Sun told the Wall Street Journal’s China Real Time blog: “We just hope that we can legally become each other’s family in our own country someday in our lifetime.”
“Our most basic desires and rights have been denied, and this is very difficult to vindicate. I feel very angry,” he said.
Young people hold rainbow flags as they march on the street during an anti-discrimination parade in Changsha, central China’s Hunan province, May 17, 2013.
A ‘sensitive’ case
Meanwhile, Sun’s lawyer Shi Fulong told RFA that the rights of lesbian, gay, bisexual and transgender (LGBT) people have yet to fully enter public awareness in China.
“We have filed this administrative complaint because the civil affairs bureau failed to carry out its duty to register marriages,” Shi said. “We are appealing to the court to order it to proceed.”
He said the gradual liberalization of gay marriage in Western countries and some U.S. states has paved the way for changing attitudes in China.
“Gay marriage is now legal in a lot of countries, which affects a lot of individual rights including property rights and inheritance, as well as matters relating to children,” Shi said.
“All of these things are inherently tied up with marriage, and homosexuality is also subject to social conventions and questions of cultural tradition,” he said.
Shi said he hopes the case won’t be regarded as “sensitive” by the authorities.
“In my view, there’s no such thing as a sensitive case, because from a lawyer’s point of view, all clients are equal,” he said.
“We won’t treat our clients differently because of their ethnicity, their sexual orientation, or other differences.”
Long way to go
A Guangzhou resident who runs a support group for the friends and relatives of LGBT people said there is still a long way to go for LGBT rights in China, but welcomed Sun’s lawsuit.
“This is the first case to do with gay marriage in this country … and really it’s quite epoch-making,” the man, who gave only a nickname A Qiang, said.
“For gay marriage to become legal, it will have to win broad public support, and at the moment only about 22 percent support it, or thereabouts,” he said.
“There is still a long way to go for gay marriage in China, but the good thing is that there has been huge change [globally] in the past decade or so, and the overall trend is towards legalizing gay marriage,” he said.
Sun’s case comes after Guangzhou-based lesbian Qiu Bai filed a lawsuit against the government after it approved and disseminated university textbooks describing homosexuality as a “psychological disorder.”
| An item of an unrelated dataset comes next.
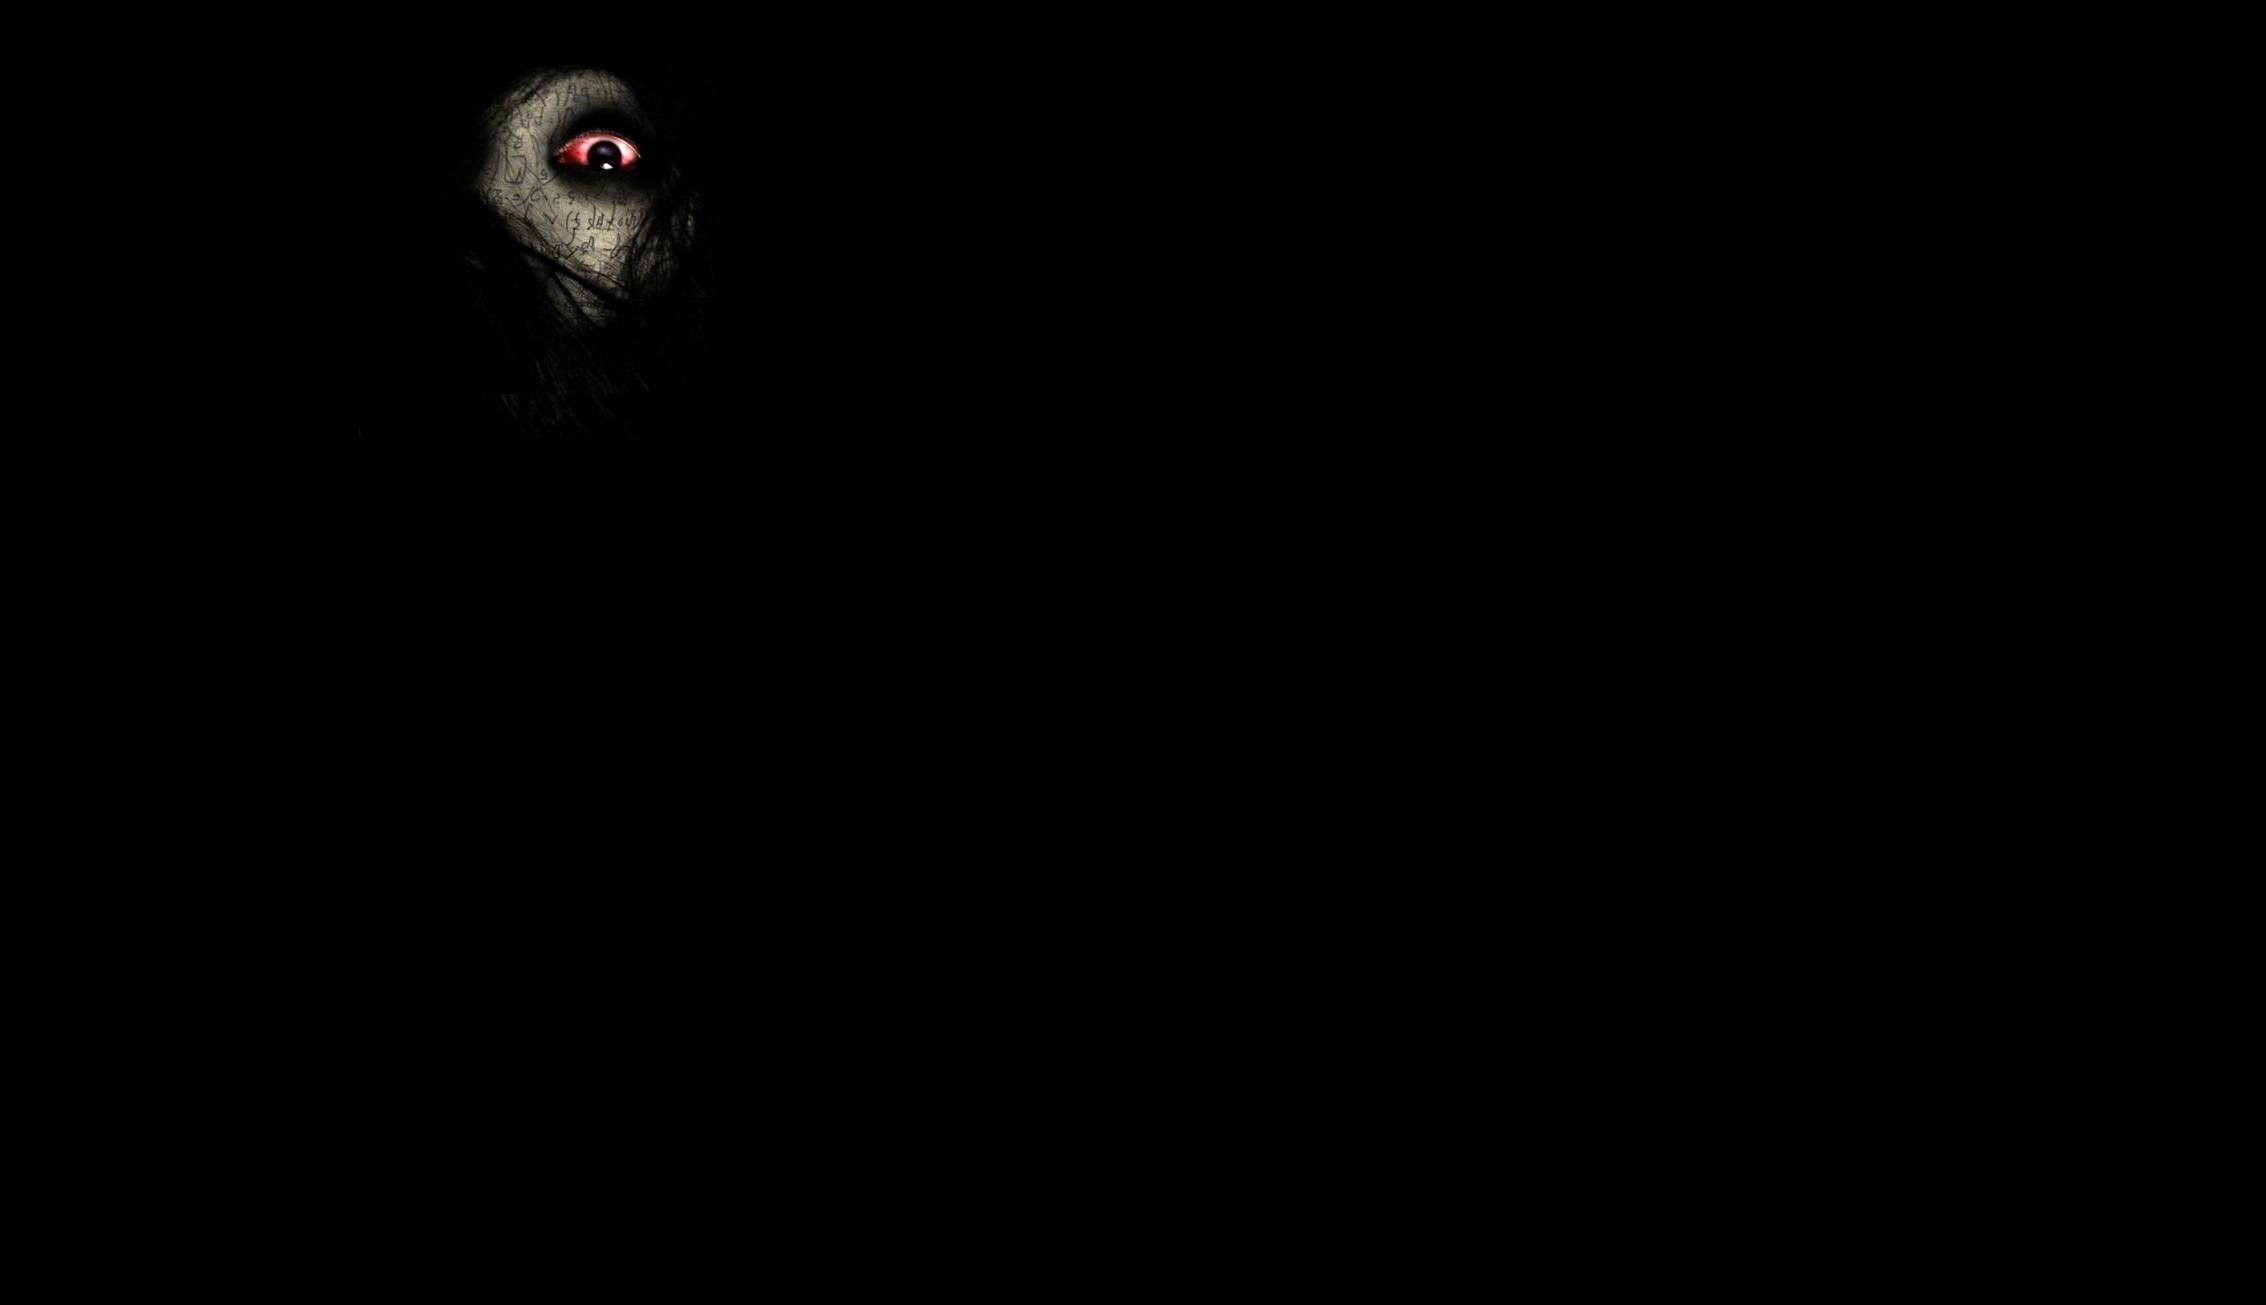 THE GRUDGE horror mystery thriller dark movie film the grudge ju

Qiu took legal action against the ministry of education in Beijing after reading discriminatory language in a nationwide student psychological handbook published by the prestigious Renmin University.
Changing attitudes
However, there are signs of shifting attitudes among the younger generation, and among some companies.
How many Chinese would identify themselves as gay is unknown, as social stigma associated with homosexuality remains widespread, with many choosing to marry despite their orientation.
More and more educated urban Chinese have begun coming out in recent years, while the gay dating app Blued has estimated that China is home to 13 million gay men, and says it currently has three million users.
Last February, Internet giant Alibaba paid for 10 same-sex couples to get married in California, as part of a contest it said would help to promote LGBT rights.